Draymond Green: Three-time NBA champion. Three-time All-Star. A potential future Hall of Famer.

And a psychic.

Last week, before the Warriors embarked on this four-game winning streak to begin this five-game homestand, the star forward had an epiphany.

He turned to Alec Burks during a shootaround and shared the latest title — soothsayer — on his resume.

“We’re about to win five games in a row,” Green said he told Burks. “And he was like, ‘All right, cool.’ And then last game, ‘We’re at three.’ I just saw him again, I’m like, ‘We’re at four.’”

If the Warriors take down Luka Doncic’s Mavericks on Saturday at Chase Center, Green will get questions about which numbers to play in the lottery.

Somehow, a team that was 5-24 is now 9-24 after a tremendous fourth quarter in a galvanizing 105-96 victory over Phoenix, a win that was marked by a brief, sterling debut — by Alen Smailagic — a resilient second and third quarters, in which the Warriors wouldn’t go away, and a last period that displayed a level the team hadn’t touched this season.

The frame ended 39-18, as a young Suns bunch was completed demolished. They turned the ball over 27 times on the night — to the Warriors’ 11 — and looked like the team that was missing its superstars.

The Warriors looked like a team that believes it can head for respectability rather than the best odds for a top pick.
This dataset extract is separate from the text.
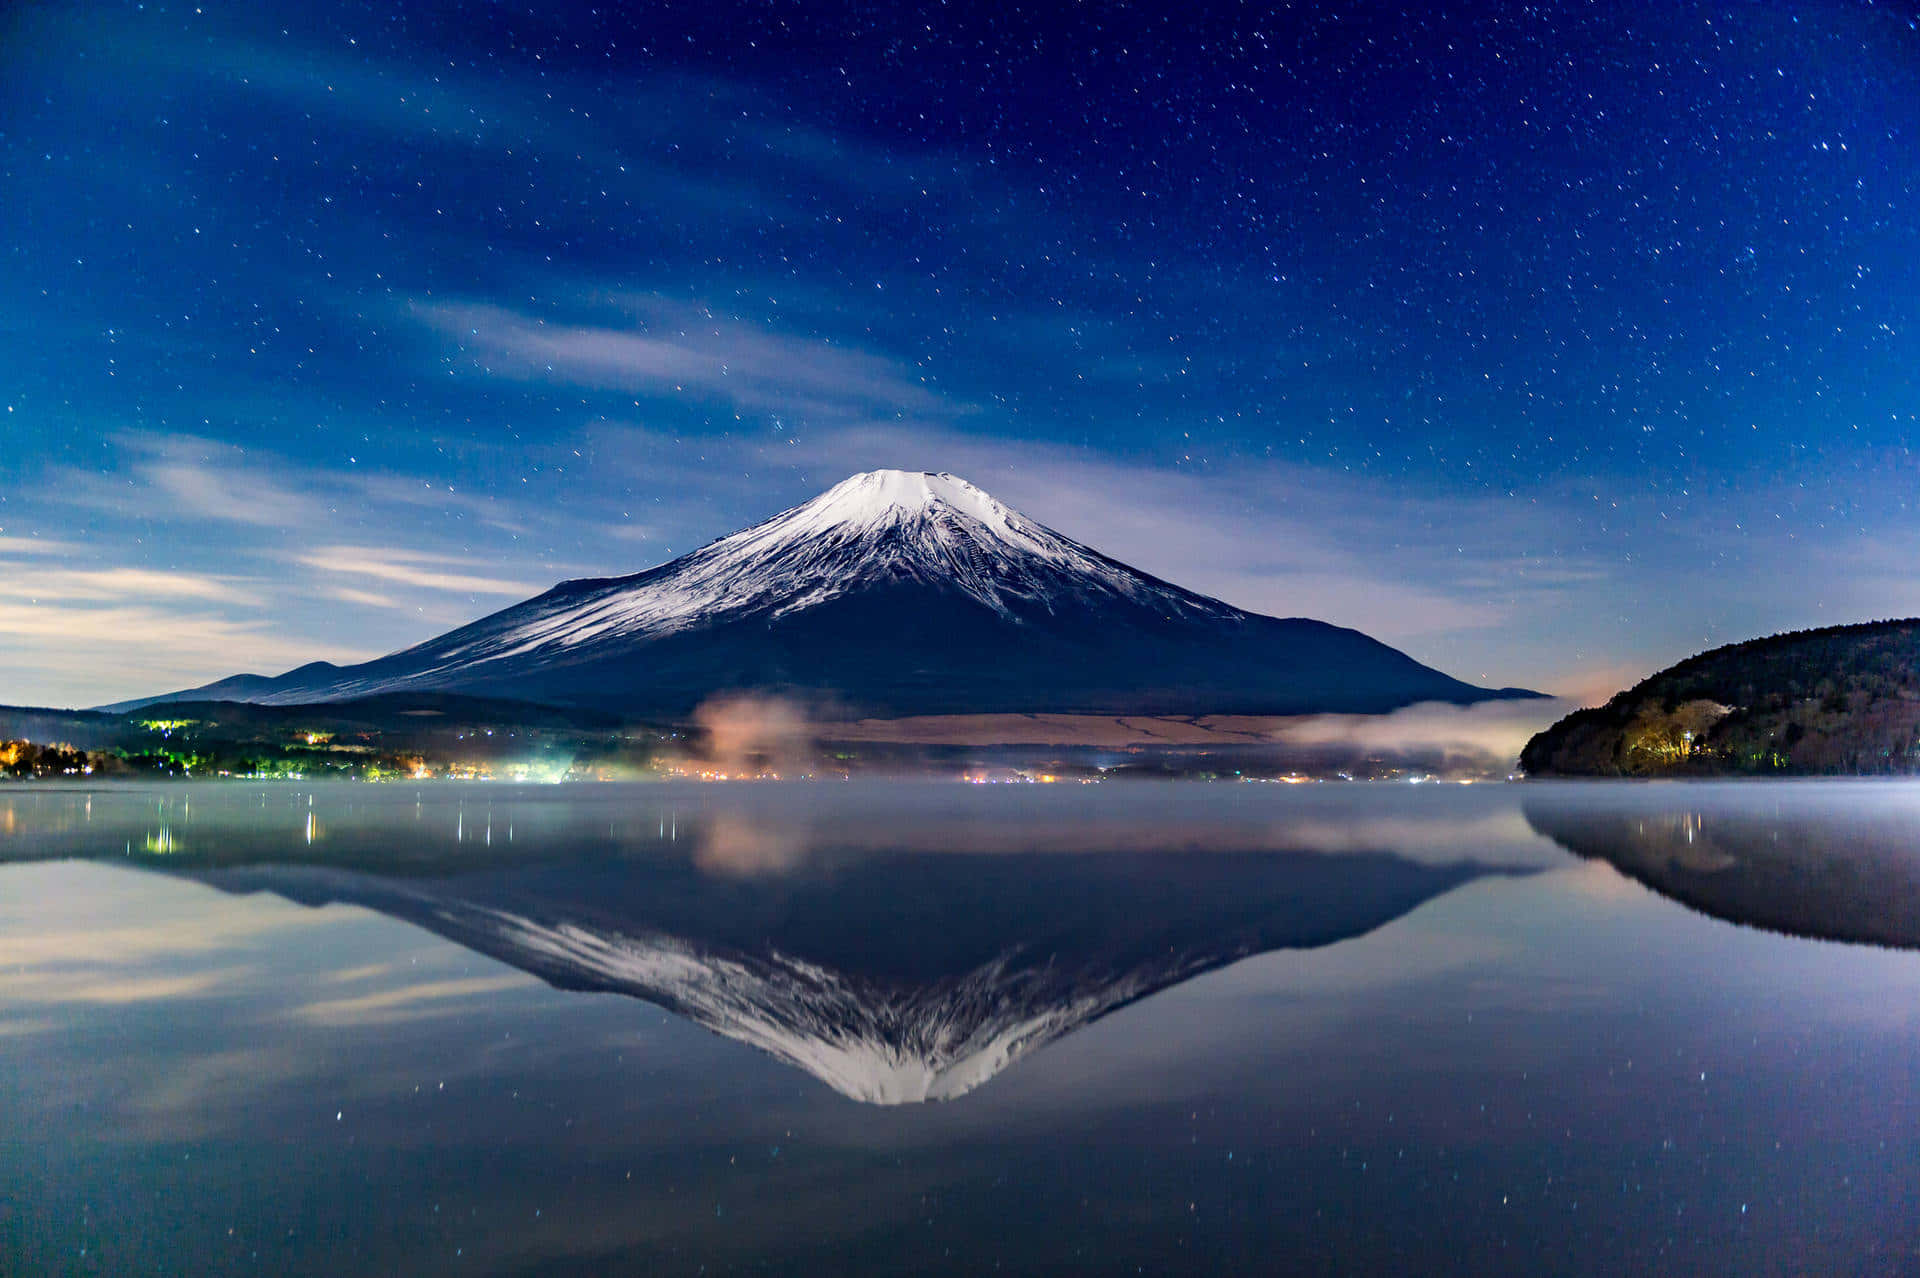 Cielonocturno Azul Sobre El Monte Fuji Fondo de pantalla

“This is a game we wouldn’t have won a month ago, but we stayed with it,” Steve Kerr said after D’Angelo Russell led the way with 31 points, Burks poured in 11 in the fourth and Draymond Green’s 3 was the clincher. “It’s the kind of game that you have to be resilient to win when things aren’t going your way.”

Green took it a step further.

“We’re getting better as a team,” said the forward who went just 4-of-14, but always seems to hit the big shot. “A month ago, we would have lost this game by 40. … We would have been blown out of the gym. But we’re putting it together.”

Exactly one month ago, Golden State was coming off a resounding victory over Chicago in which Eric Paschall scored 25 to put a bunch of rookies on his back to improve to 4-15. Paschall was a scratch Friday, and while Ky Bowman excelled off the bench, the key contributors have become the veterans.

Glenn Robinson III went 4-for-7 for 12 points, but slowed Devin Booker better than any Warrior could. Sure, the star guard scored 34, but only six came in the deciding fourth, when the Warriors forced the ball out of his hands.

Willie Cauley-Stein had a quiet nine points on 4-of-6 shooting. Damion Lee has looked like a piece that can’t be demoted back to the G League, finishing with 16 points, eight rebounds and three steals. Burks was perhaps the biggest final-stanza difference-maker.

“You can’t stop us. You can only hope to contain us,” Kerr joked in a spirited postgame media session.

The Warriors have learned to close out games. Can they learn to close out Green’s predictions?